■ **WORK TO BE COMPLETED**: Exactly as written, print every line of the listing below and omit its pictures.

■ **EXERCISE DATA**:
::::

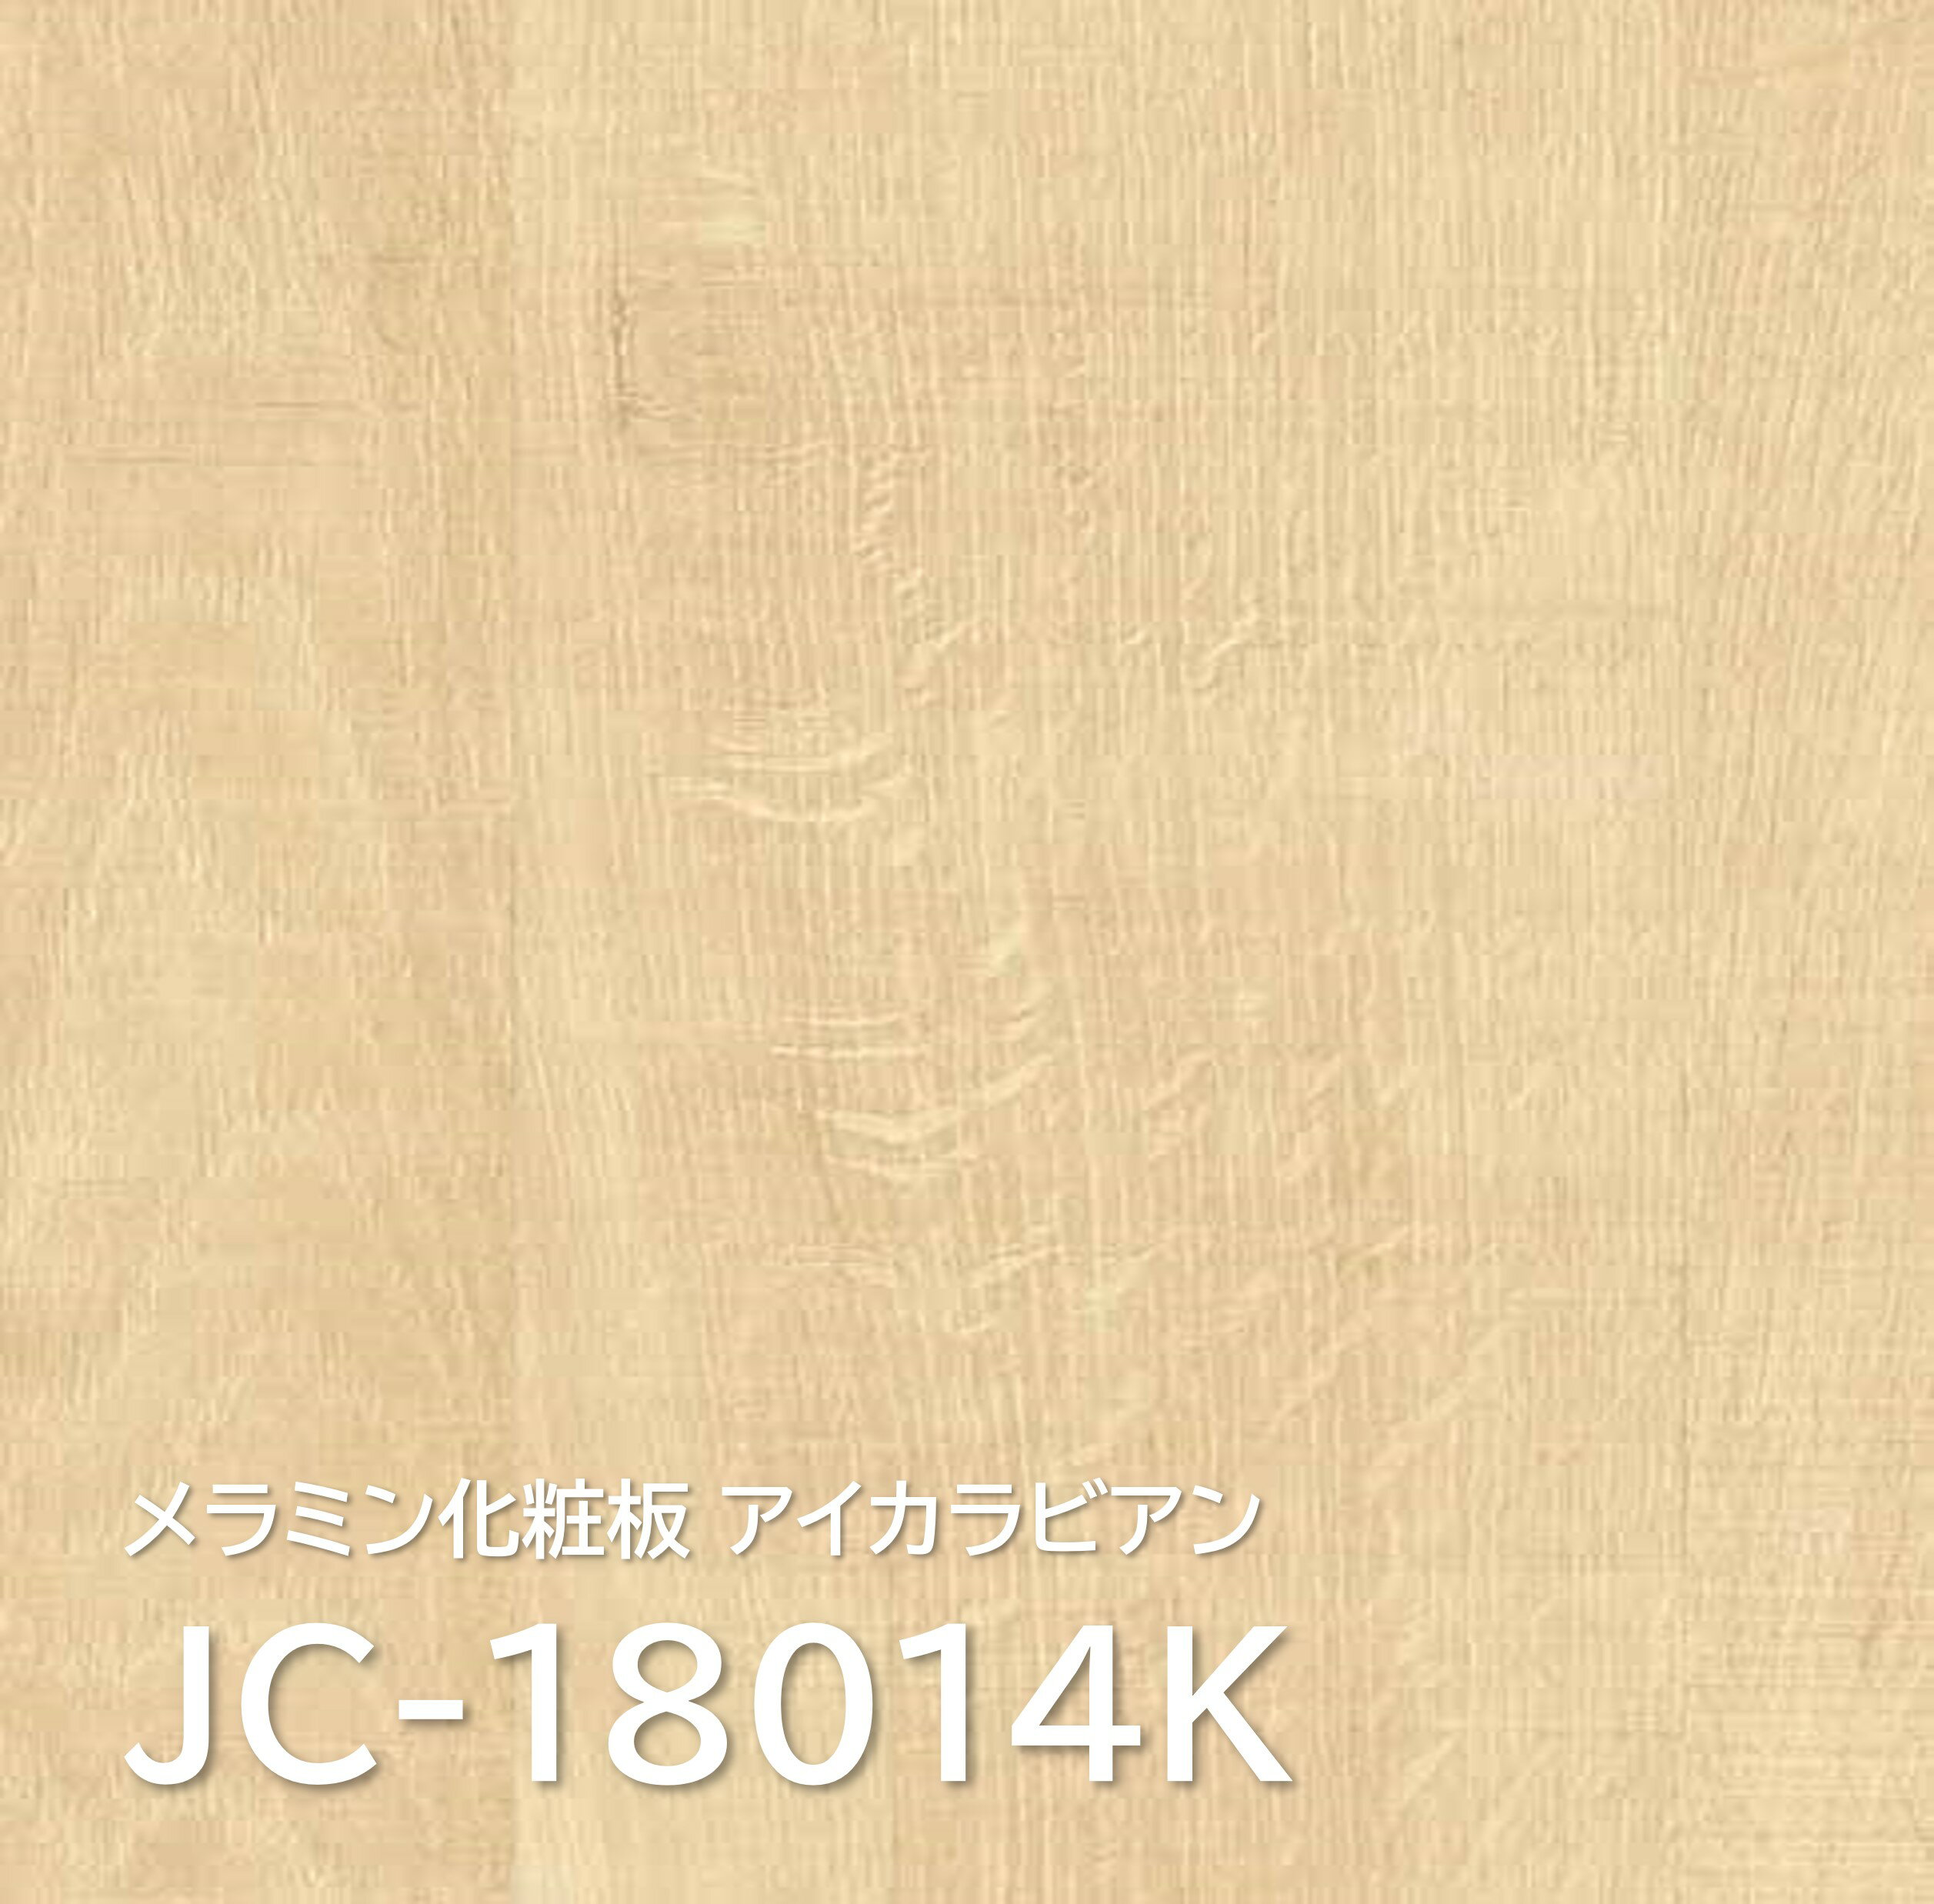 ~ϔ JC-18014K 3~6 0.95mm 935~1850mm ACJrA I[N vNg
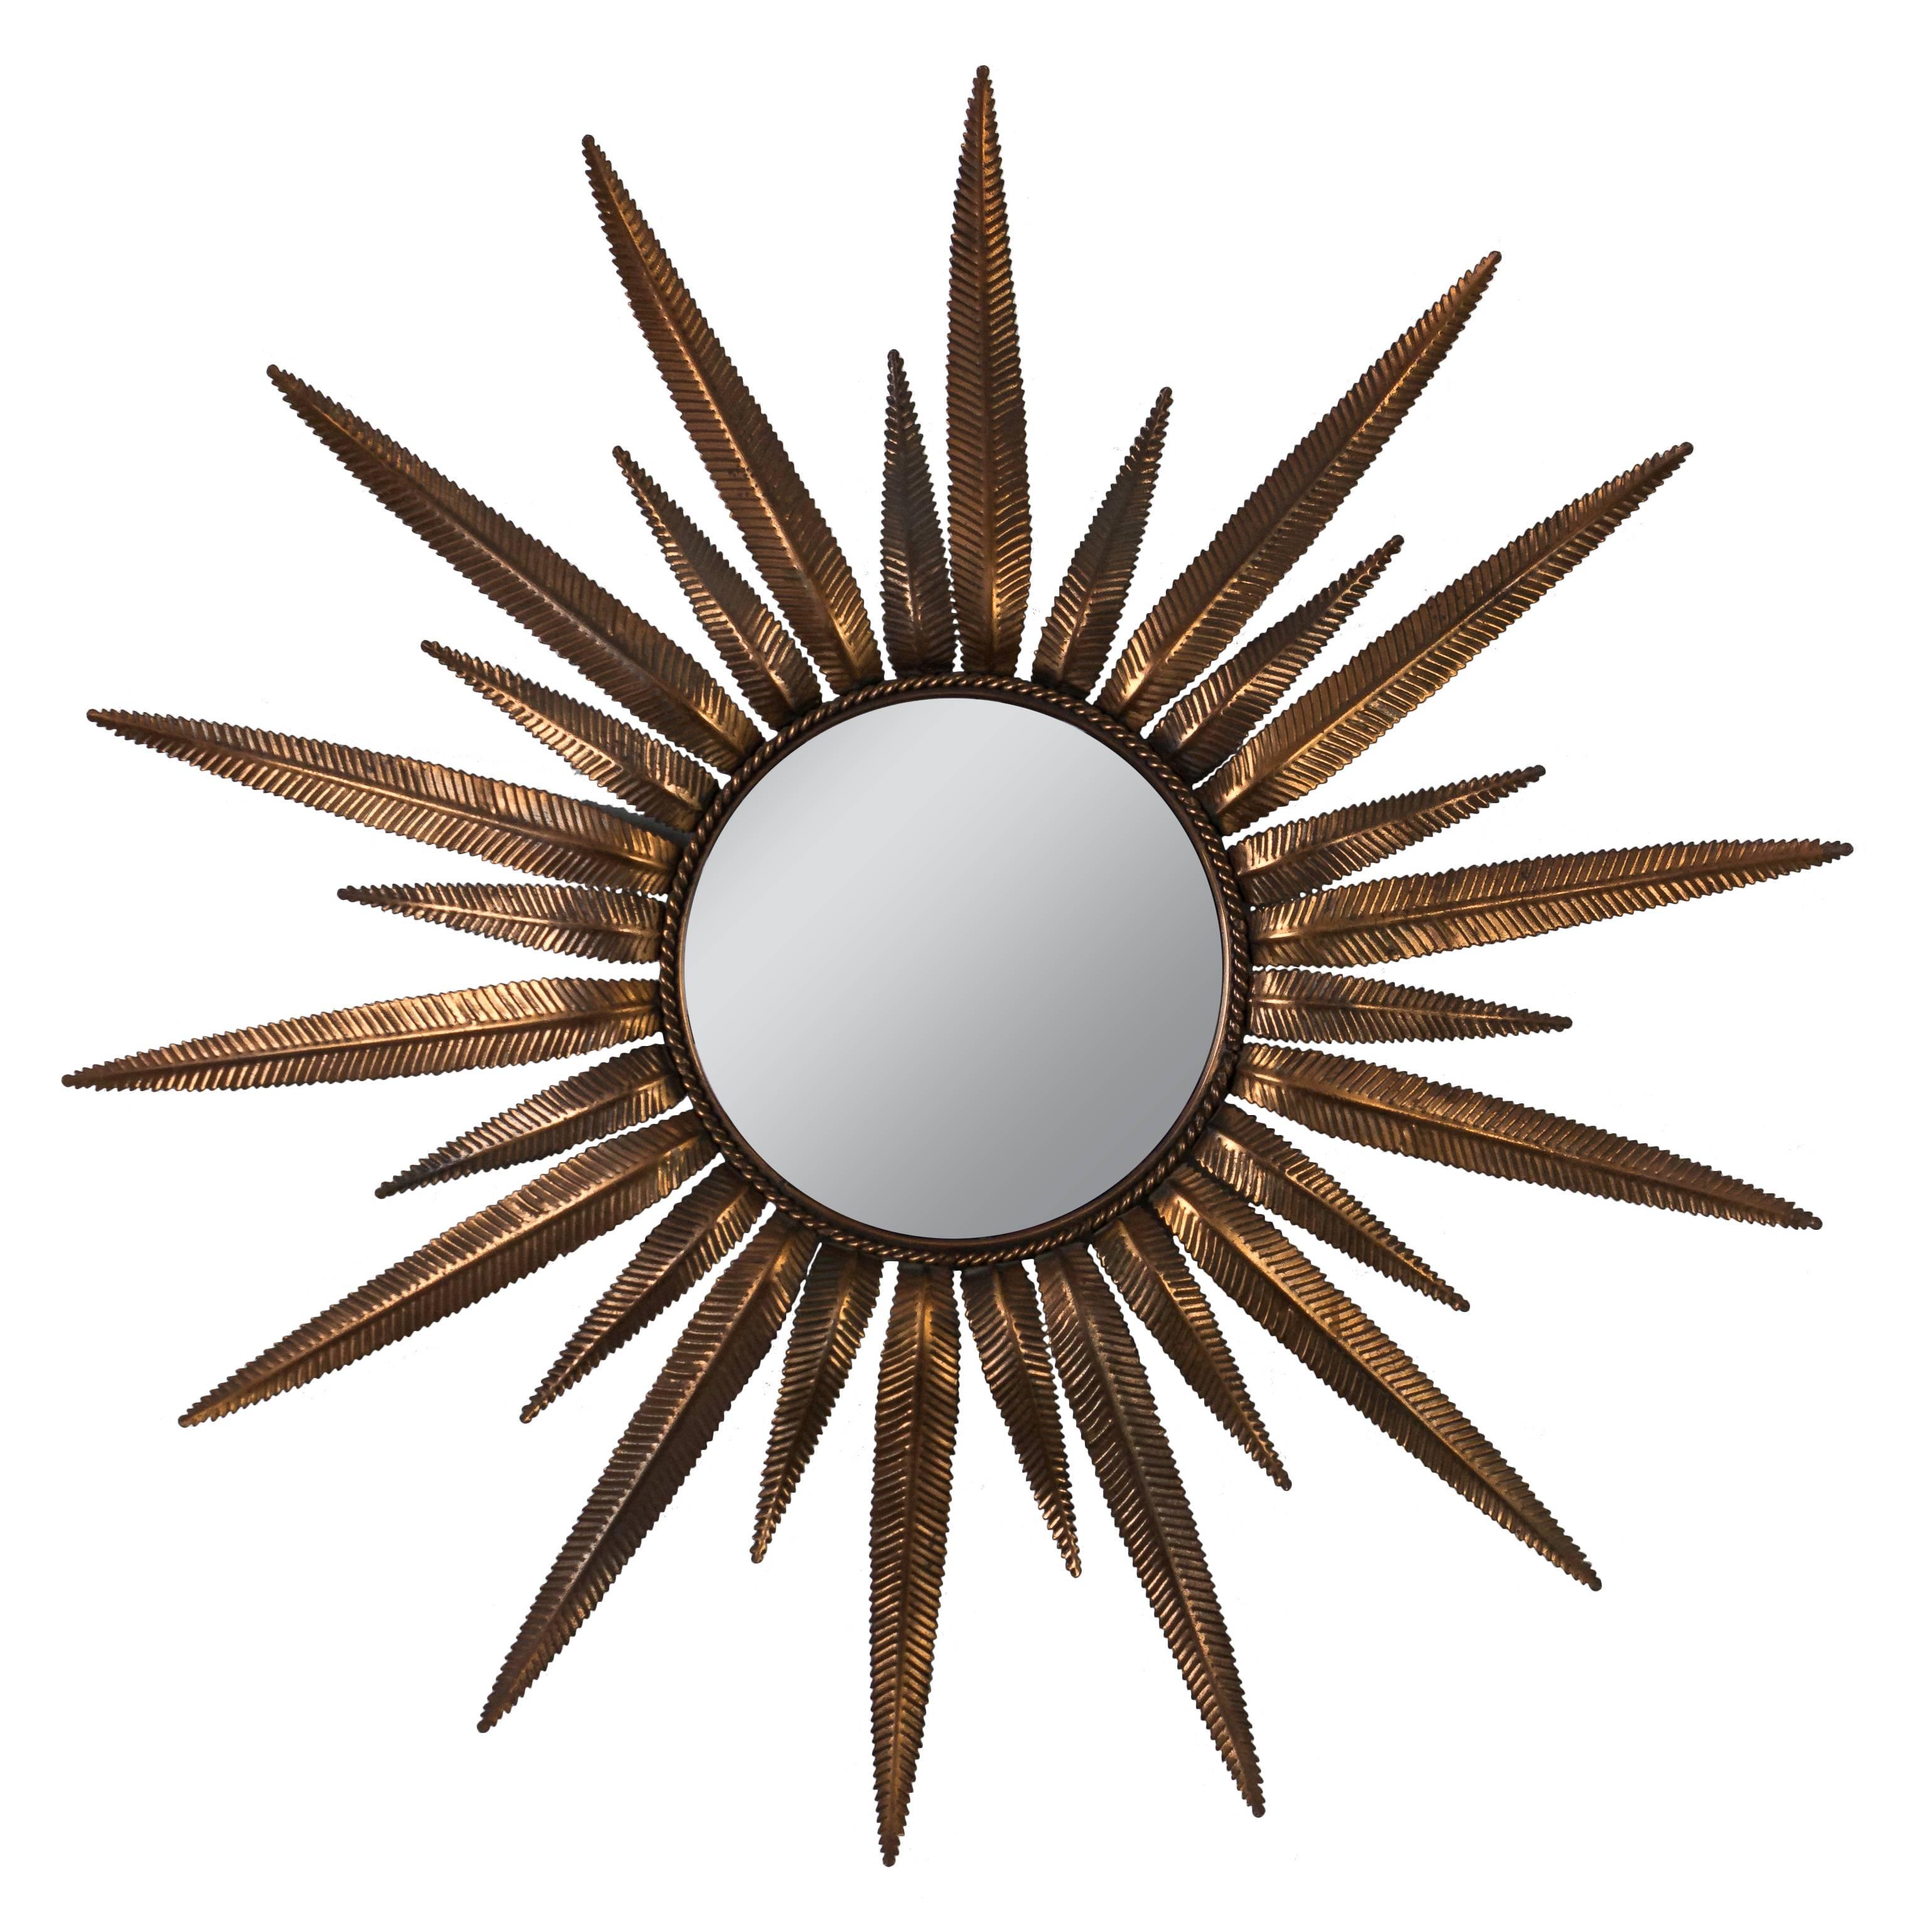  Miroir soleil en métal cuivré espagnol avec cadre en feuilles de Fern
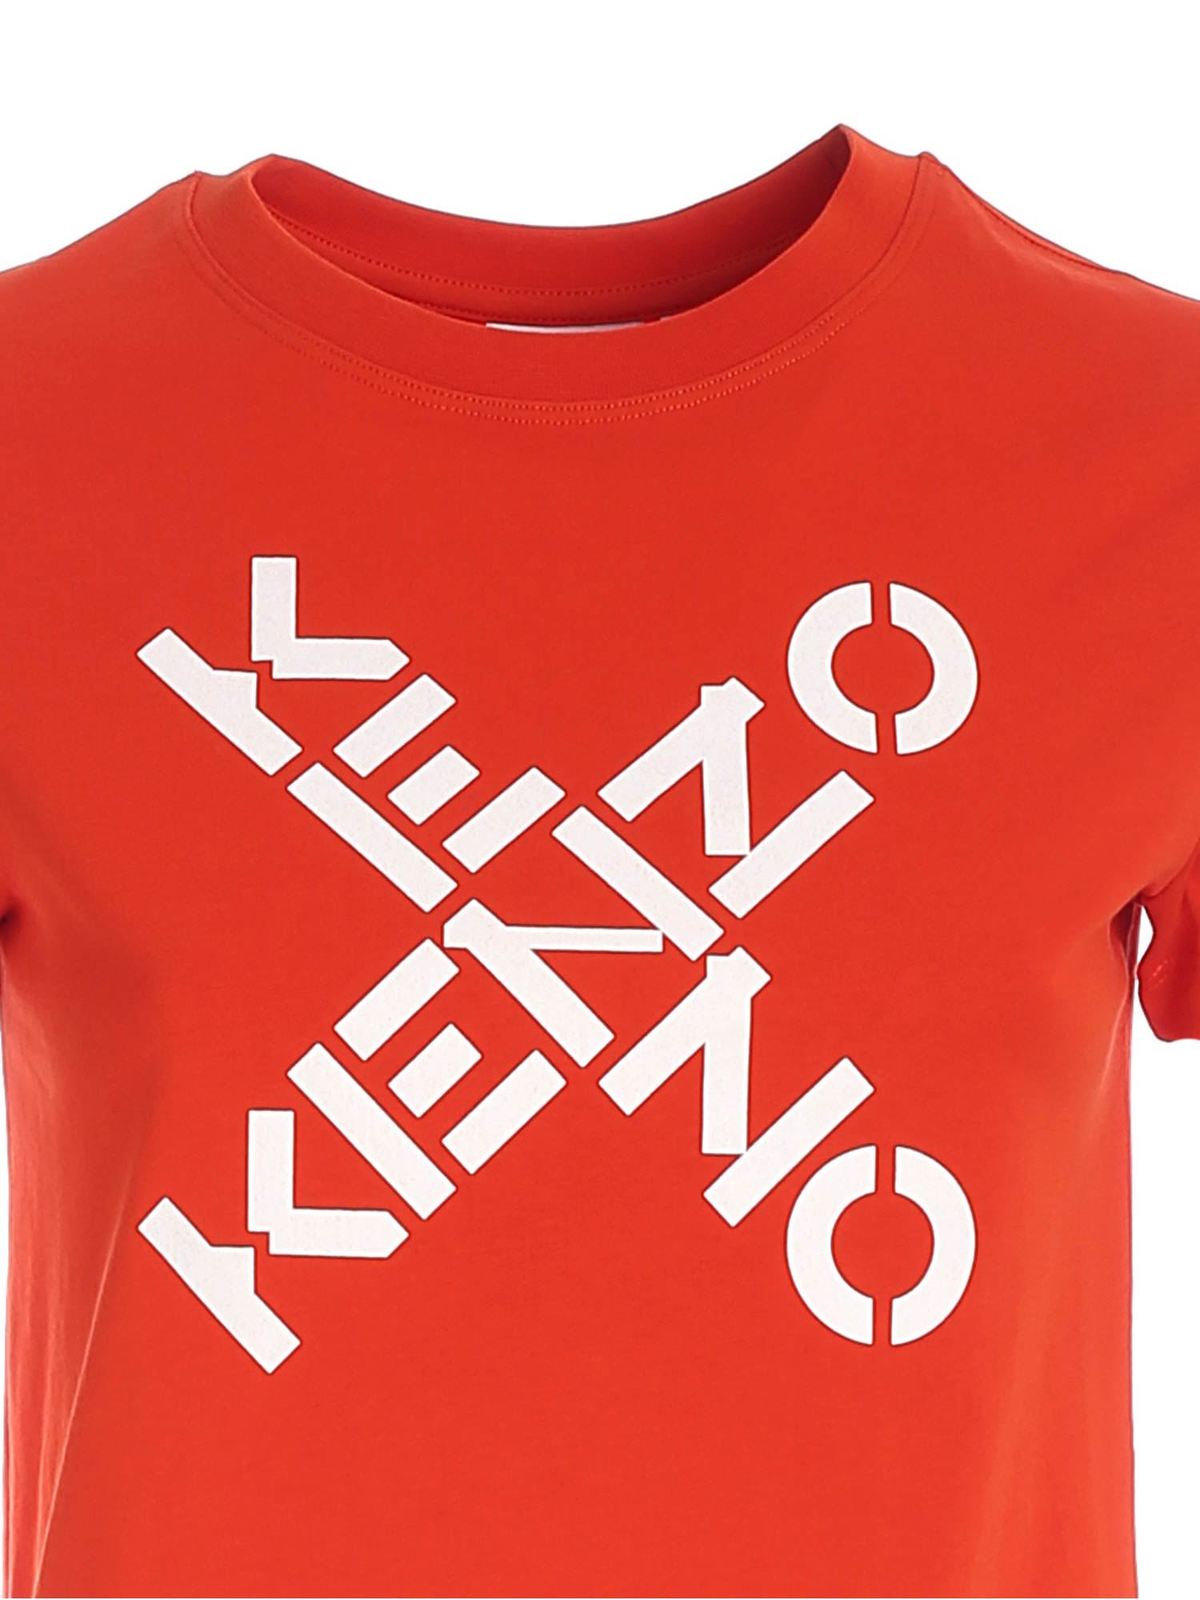 kenzo red tshirt

::::

■ **EXERCISE RESULT**:
 ~ϔ JC-18014K 3~6 0.95mm 935~1850mm ACJrA I[N vNg
  Miroir soleil en métal cuivré espagnol avec cadre en feuilles de Fern
 kenzo red tshirt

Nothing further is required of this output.